13. The appellant has faulted the trial court for imposing a sentence that according to him was manifestly excessive. In this regard, the law provides that the maximum sentence provided for in respect of the offence of obtaining money by false presences is 3 years imprisonment. I have considered the mitigation of the appellant that he presented to the trial court. On the other hand I have taken into account that the appellant defrauded the complainant, took advantage of every opportunity to deceive them and this was rightly pointed out by the trial magistrate. After taking into account all the circumstances of this case and in the light of the statutory penal provisions, I find that the sentence imposed was merited.
14. This is a first appeal. As a first appeal court, according to Okeno v.
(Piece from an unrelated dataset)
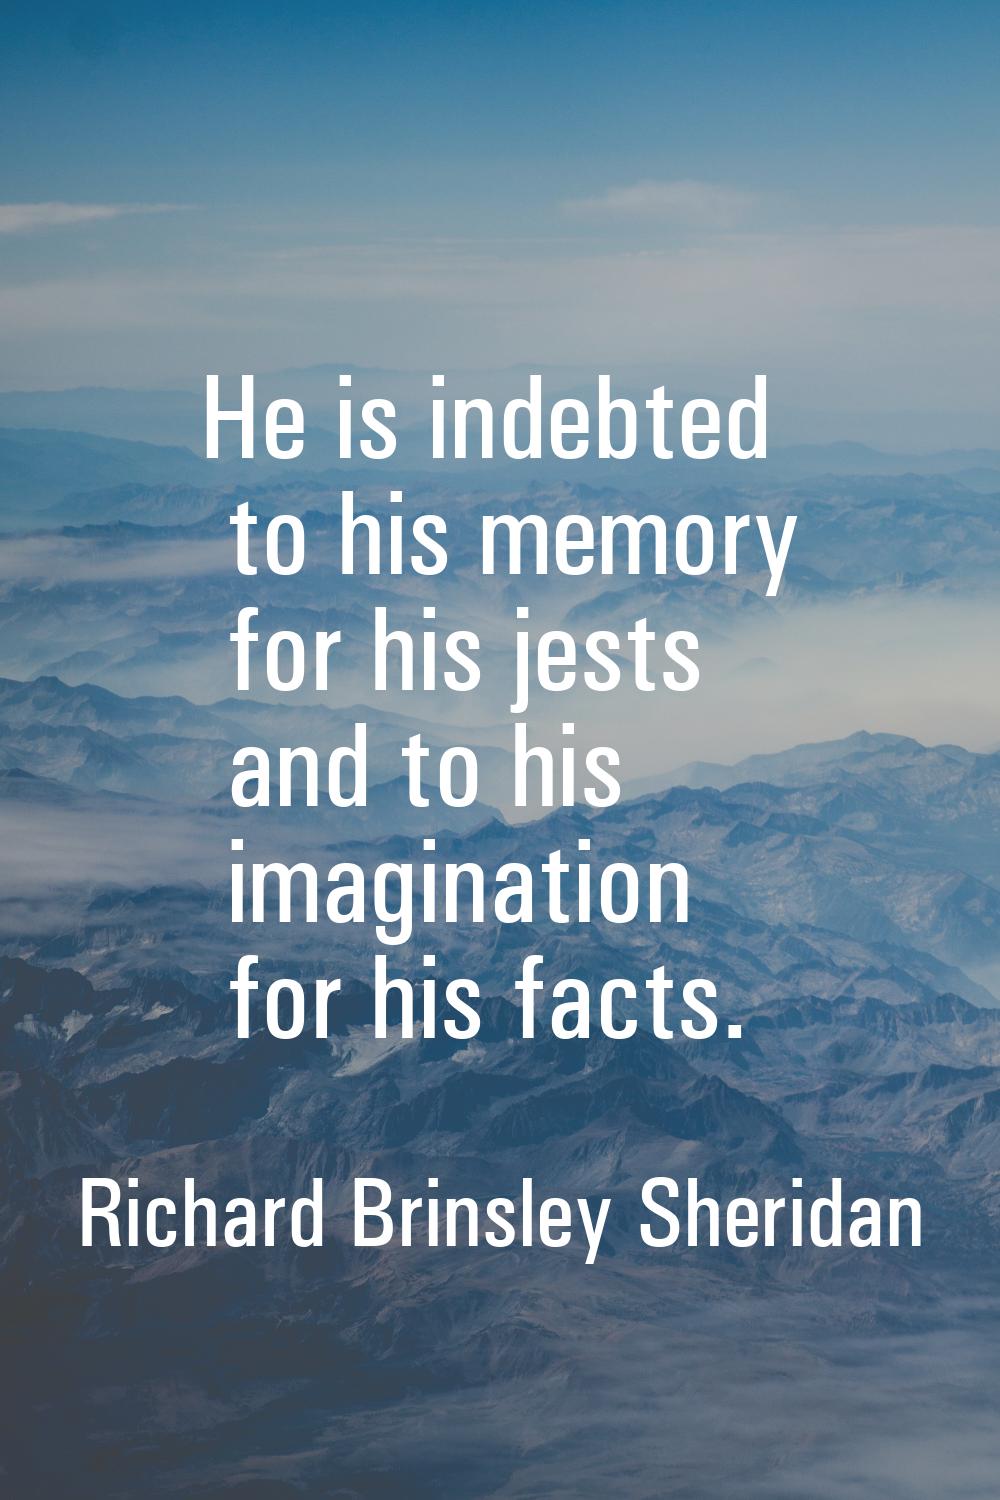 He is indebted to his memory for his jests and to his imagination for his facts.

R. (1972) EA 32, I am required to scrutinize the evidence upon which the conviction was based. I have done so as herein above analyzed and I find that the appellant was convicted on sound evidence. I therefore affirm both the conviction and the sentence by the trial court.
15. The upshot of the foregoing is that the appellant’s appeal lacks merit and is hereby dismissed in its entirety.
It is so ordered.
Date and Delivered at Machakos this 30th day of April, 2019.